In a recent LinkedIn post, someone mentioned the beauty of being 'undefinable', and I think that's a great way of explaining the content of this post.
I’ve recently been pondering over how many skills I’ve unintentionally gained from being chronically ill. Since high school I've always been told I think 'differently' and that my thought process is 'interesting'; I’ve never fully understood what people meant by this until a few years ago, but now I have really come to like it.
It is a weird space to be in because you don't any special degrees for all of this, or have any professional experience. It's just things you've picked up on while trying to expand your knowledge. Personally, it's all things I've had to learn to advocate for myself and to help others on their journey. The one thing that makes it difficult is, because there's no certificate to show, it's hard to demonstrate these skills unless someone is paying attention, especially for jobs.
Let's get into it then. Here are some skills (pretty random) I've picked up over the years:
Research - Particularly medical research. I have spent years learning how to properly research for medical things. It is so important to know HOW to conduct research online because there is so much out there that can get lost in translation.
Medical jargon and things - This is still something I'm learning as I'm not a professional. There's just a lot to learn, but for a non professional there's a lot I know medically, for example how to interpret blood tests and how NHS bloods work etc.

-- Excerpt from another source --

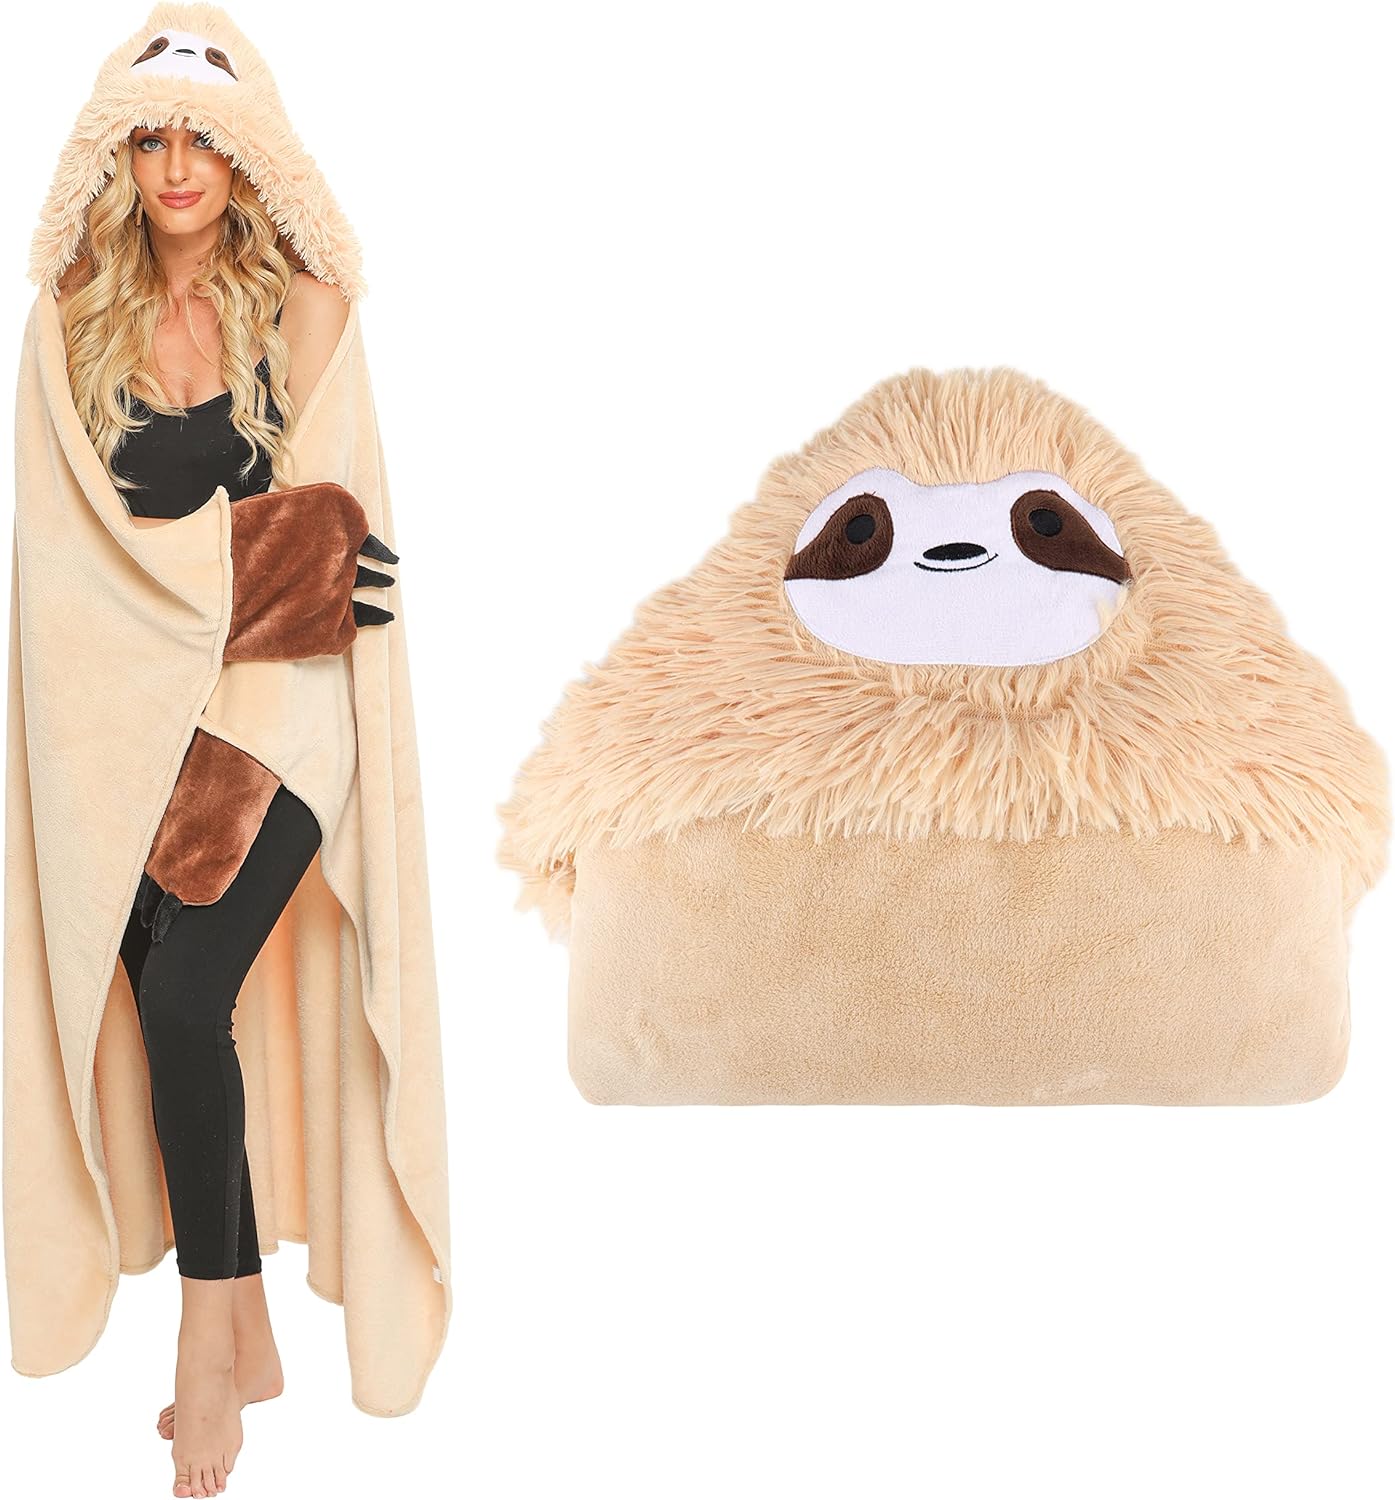 Moyel Sloth Blanket Fuzzy Soft Warm Wearable Hooded Blanket Birthday Gifts for Women Christmas Valentines Day Mothers Day Mom Gifts Sloth Gifts for Mom Friend Wife Sister Granddaughter Girlfriend

All things admin - Again, I have no professional admin experience, but I spend a lot of time doing life admin. Things like booking appointments, chasing appointments and referrals, chasing tests, interpreting tests and emailing doctors with result summaries and how that impacts me (you'd be surprised at how much of the doctor side of things I do), sorting medicines, health tracking, symptom tracking when needed, and so much more, just on the patient side, not including general life things.
Content creation - This one would be from my online advocacy and awareness work as well as work I've done for charities and companies. I am in no way a professional when it comes to this either, but I think I do a good job.
Time management and prioritisation has been a fun one to juggle. Between work, all things medical, social life and other life things, it gets to be a lot sometimes but again, so far, I've kept my head on straight (with some shutting down moments because I'm still human). It is a fun one to explain as well in past interviews because it sounds like A LOT and, yeah, it is but I prioritise and plan well so it's not overwhelming. When people hear about it they either love it or they are worried that I wouldn't be able to prioritise their work.
The ability to think outside the box and think differently. To be able to empathise and be understanding different perspectives.
I am not sure how to properly explain this one and it is not to be offensive or downplay other people's efforts and the way they work. Ever since I started my job I have noticed how much easier it is for me to work through pain and feeling poorly in general than it is for an able bodied person. By this I mean, I am constantly in pain, but if I am having a meh day or if I'm in more pain than usual, I find myself still carrying on with work. Maybe I take extra rest breaks or painkillers and find other ways to cope but I still get on with it. This is not to say that if i'm feeling too bad I would still continue because I know not to push myself too hard otherwise I will just end up more poorly than I was to start with. However, I cannot stop working because I'm having a slightly bad day because if I did that I would barely ever work; as someone whose normal is being in pain, working through this on a daily basis is important. I think this would point towards strength, determination, and adaptability.
I feel as though there is so much more to this and it is really about seeing the person and not the criteria or box you can fit them in because people can and will surprise you. Just because I don't fit into your professional box doesn't mean I wouldn't be an asset to you.
Maybe we should all rethink professional tick boxes.